# hey



## aran (Apr 11, 2010)

hey every one, traing for 9years in ITF tae kwon do but iv also trained in jujitsu, boxing, aikido and kendo. I am really looking forward to exchanging and discusing ideas, techniquics and theroies (sorry about the spelling I'm a tat dislexic)


----------



## Hawke (Apr 11, 2010)

Hey Aran,

Welcome to Martial Talk.

Nice to have studied various arts to compare and contrast them.


----------



## terryl965 (Apr 11, 2010)

Welcome and enjoy the site.


----------



## Archangel M (Apr 11, 2010)

Welcome aboard.


----------



## aran (Apr 11, 2010)

Hawke said:


> Hey Aran,
> 
> Welcome to Martial Talk.
> 
> Nice to have studied various arts to compare and contrast them.

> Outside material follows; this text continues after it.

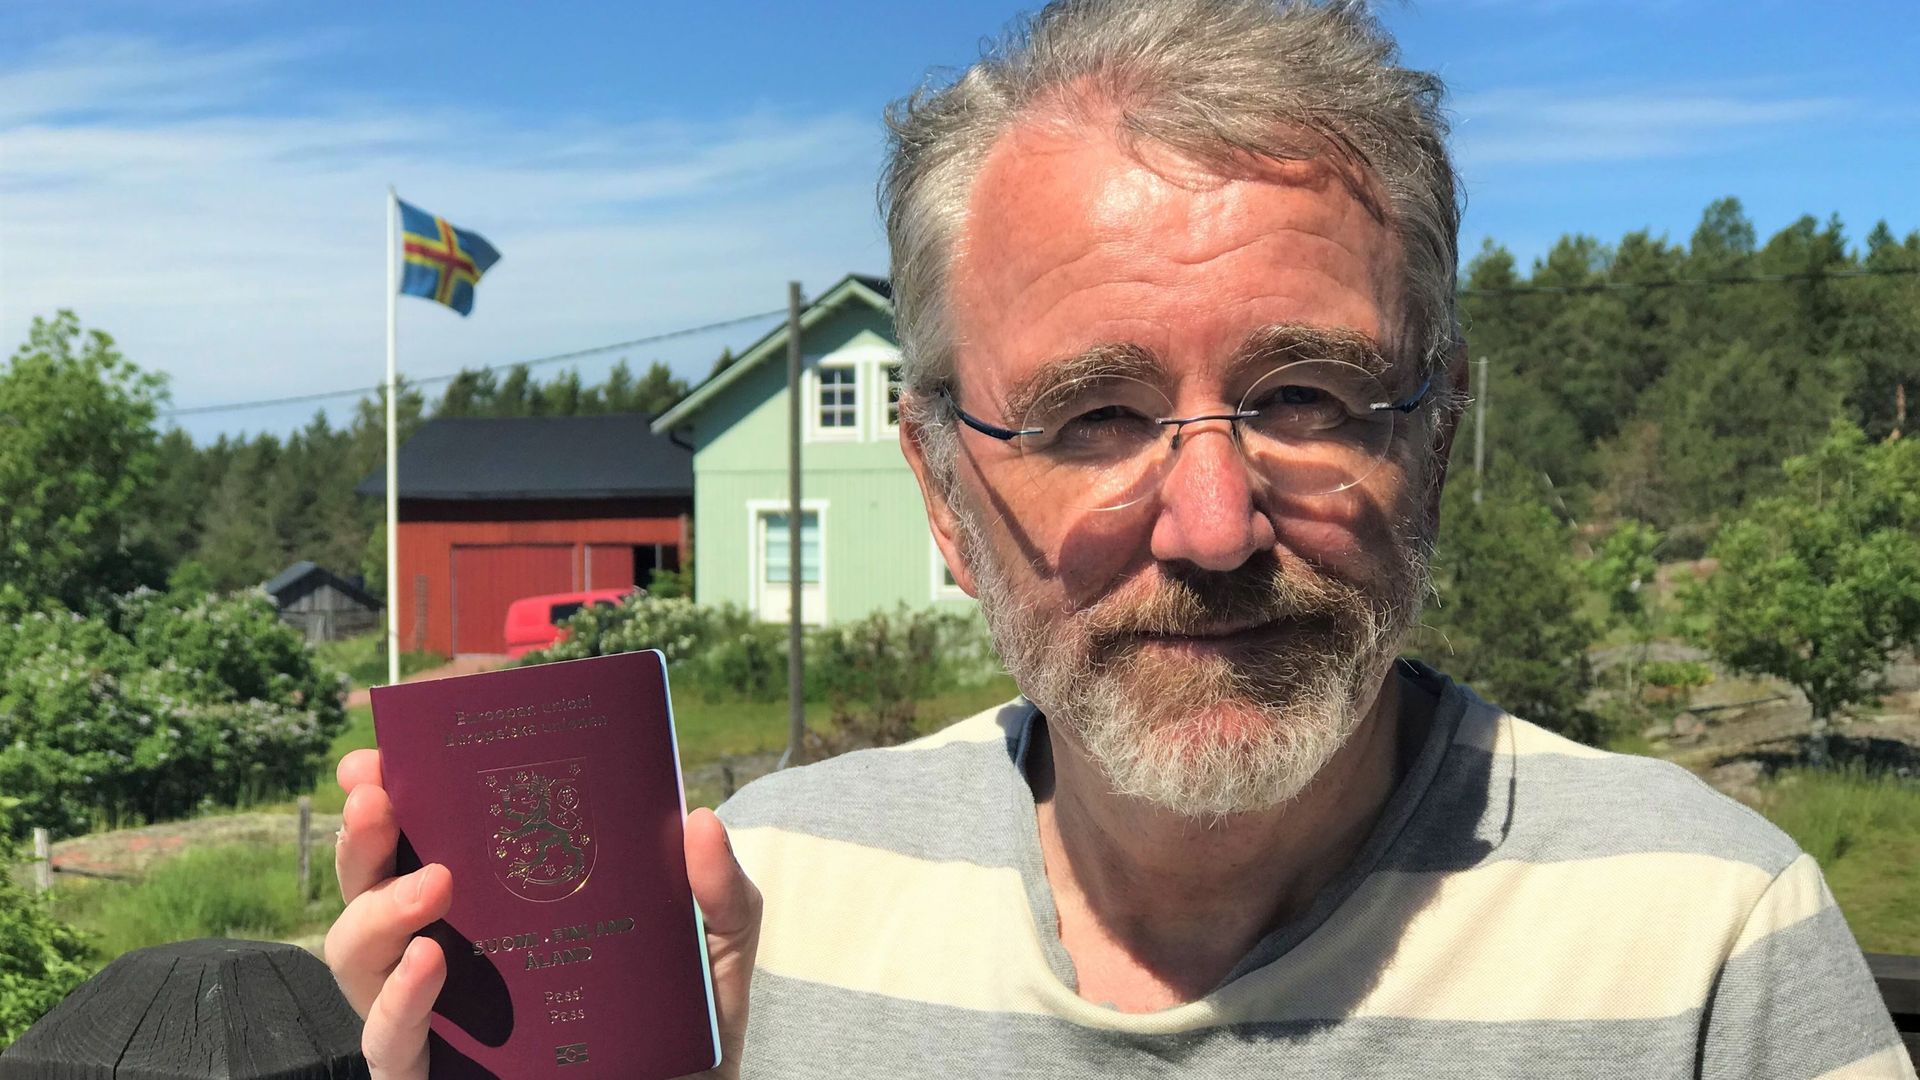 Bengt Michelsson est citoyen alandais car il est de nationalité finlandaise, il vit dans l'archipel depuis plus de 5 ans et il parle le suédois.

thanks I like to try and combine the different techniques and it gives a good insight into thinking differently and the similaritys of the arts. its also good to try and have a rounded understanding when talking about the arts. fun to


----------



## seasoned (Apr 11, 2010)

Welcome and enjoy.


----------



## OnlyAnEgg (Apr 12, 2010)

Welcome, welcome!


----------



## Drac (Apr 12, 2010)

Greetings and Welcome to MT..


----------



## morph4me (Apr 12, 2010)

Hello, welcome to MT


----------



## bluekey88 (Apr 12, 2010)

Welcome!


----------